◆ **Dataset records**:
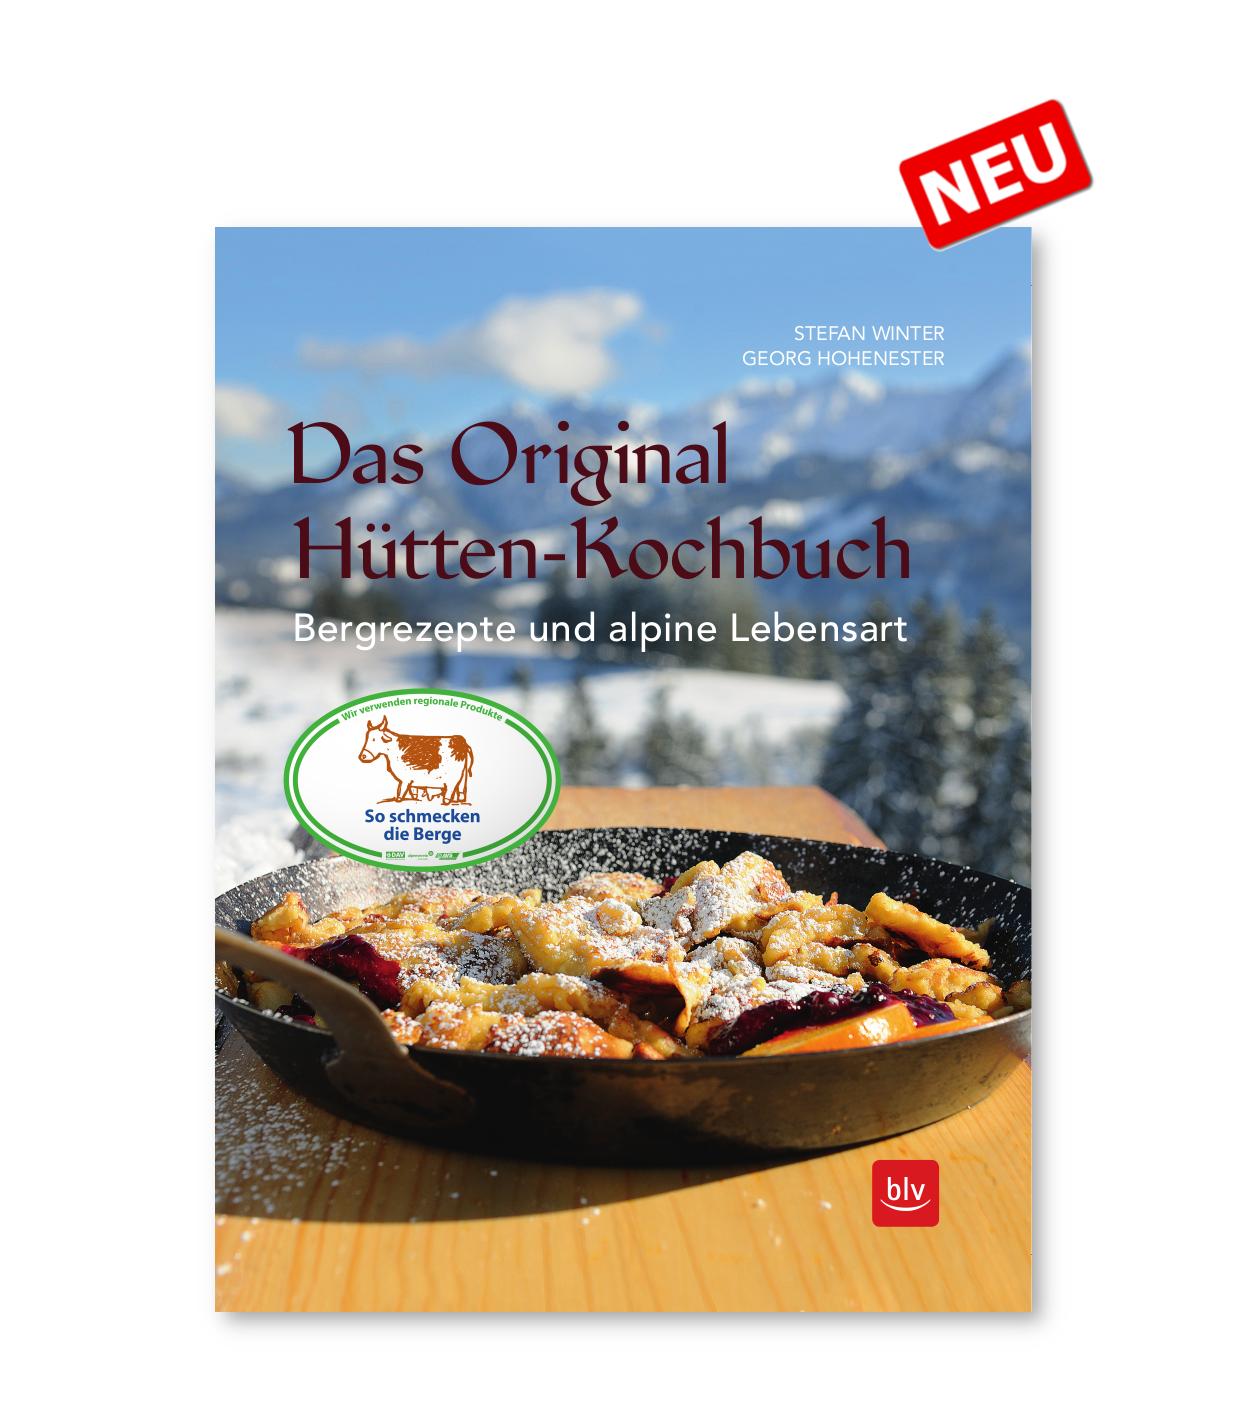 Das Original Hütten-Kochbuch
--
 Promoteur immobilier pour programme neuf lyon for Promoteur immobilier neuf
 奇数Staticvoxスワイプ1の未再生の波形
==
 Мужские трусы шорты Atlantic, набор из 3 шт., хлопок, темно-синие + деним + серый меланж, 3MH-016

◆ **To do**: The reply should consist solely of the lines above from the one that has "Promoteur immobilier pour" through the one that has "奇数Staticvoxスワイプ1の未再生の波形", reproduced exactly.

◆ **The completed task**:
 Promoteur immobilier pour programme neuf lyon for Promoteur immobilier neuf
 奇数Staticvoxスワイプ1の未再生の波形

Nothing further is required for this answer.